Perrison waved a deprecating hand. “Don’t mention it, Miss Daventry, don’t mention it. But—er—of course, something will have to be done, and—well, there’s no good mincing matters—done very soon.”
The girl’s face grew a little white, but her voice was quite steady.
“But he told me that you had arranged things with these people. Please smoke, if you want to.”
Perrison bowed his thanks and carefully selected a cigarette. The moment for which he had been playing had now arrived, in circumstances even more favourable than he had dared to hope.
“Up to a point that is quite true,” he remarked, quietly. “Messrs. Smith and Co. have many ramifications of business—money-lending being only one of the irons they have in the fire. And because I have had many dealings with the firm professionally—over the sale of precious stones, I may say, which is my own particular line of work—they were disposed to take a lenient view about the question of the loan. Not press for payment, and perhaps—though I can’t promise this—even be content with a little less interest. But—er—Miss Daventry, it’s the other thing where the trouble is going to occur.”
The girl stared at him with dilated eyes. “What other thing, Mr. Perrison?”
“Hasn’t your brother told you?” said Perrison, surprised. “Oh, well, perhaps I—er—shouldn’t have mentioned it.”
“Go on, please.” Her voice was low. “What is this other thing?”
For a moment he hesitated—a well-simulated hesitation. Then he shrugged his shoulders slightly.
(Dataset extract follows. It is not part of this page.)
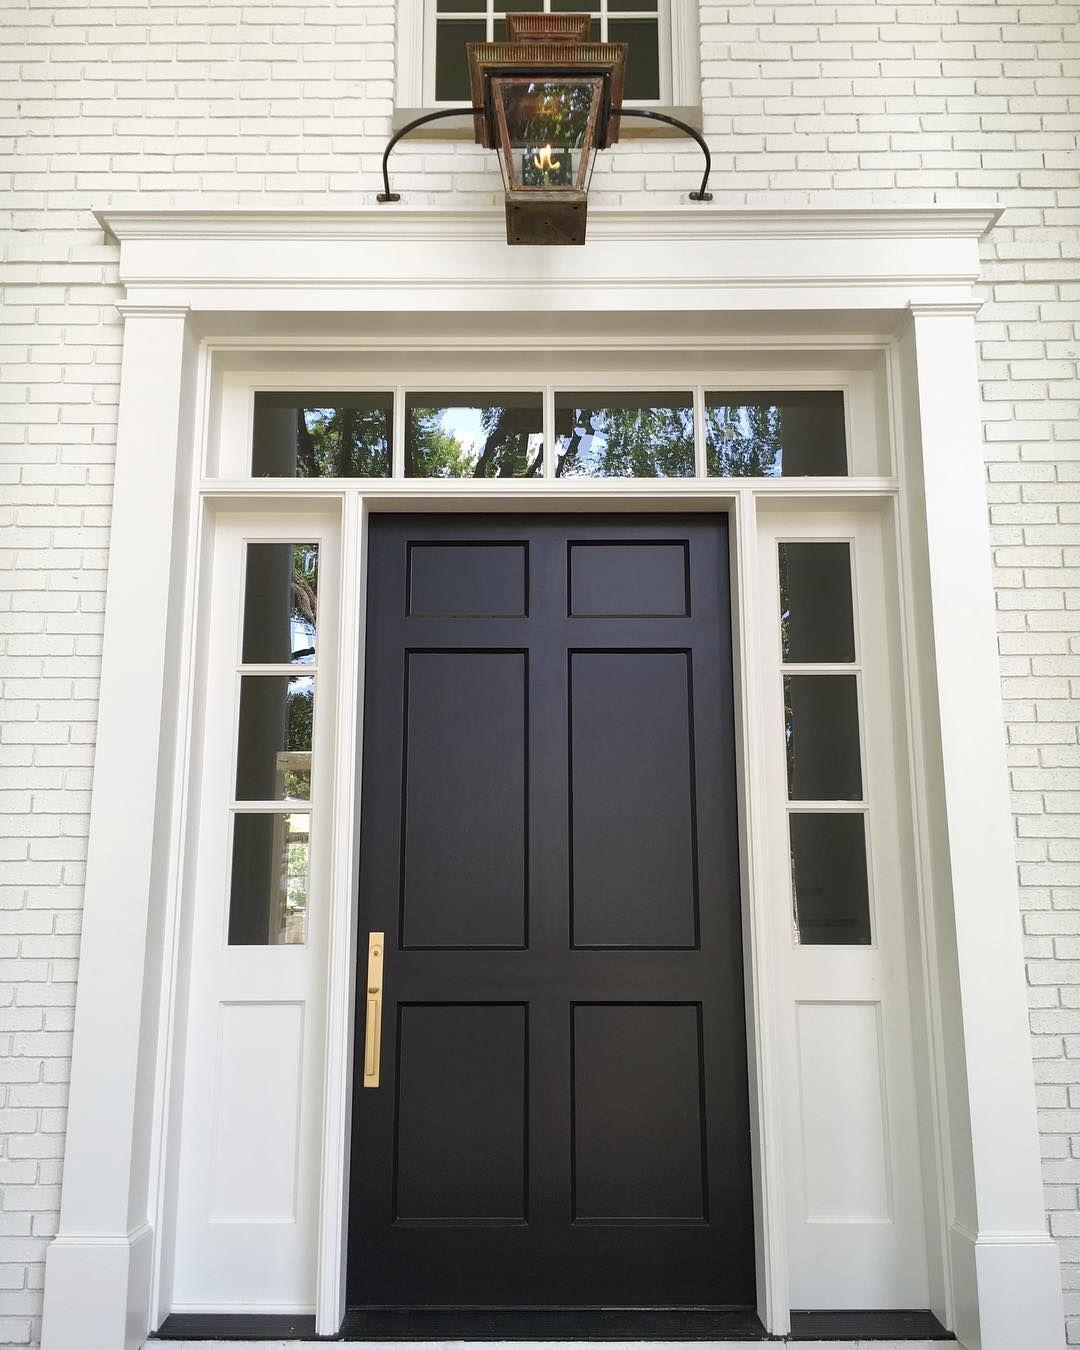 Exterior Design By Jenkins Interiors Black Front Door With Brass Hardware And Gas Lantern Windows Flank Black Exterior Doors Painted Brick House Front Door

“Well—if you insist. As a matter of fact, your brother didn’t tell me about it, and I only found it out in the course of my conversation with one of the Smith partners. Apparently some weeks ago he bought some distinctly valuable jewellery—a pearl-necklace, to be exact—from a certain firm. At least, when I say he bought it—he did not pay for it. He gave your father’s name as a reference, and the firm considered it satisfactory. It was worth about eight hundred pounds, this necklace, and your very stupid brother, instead of giving it to the lady whom, presumably, he had got it for, became worse than stupid. He became criminal.”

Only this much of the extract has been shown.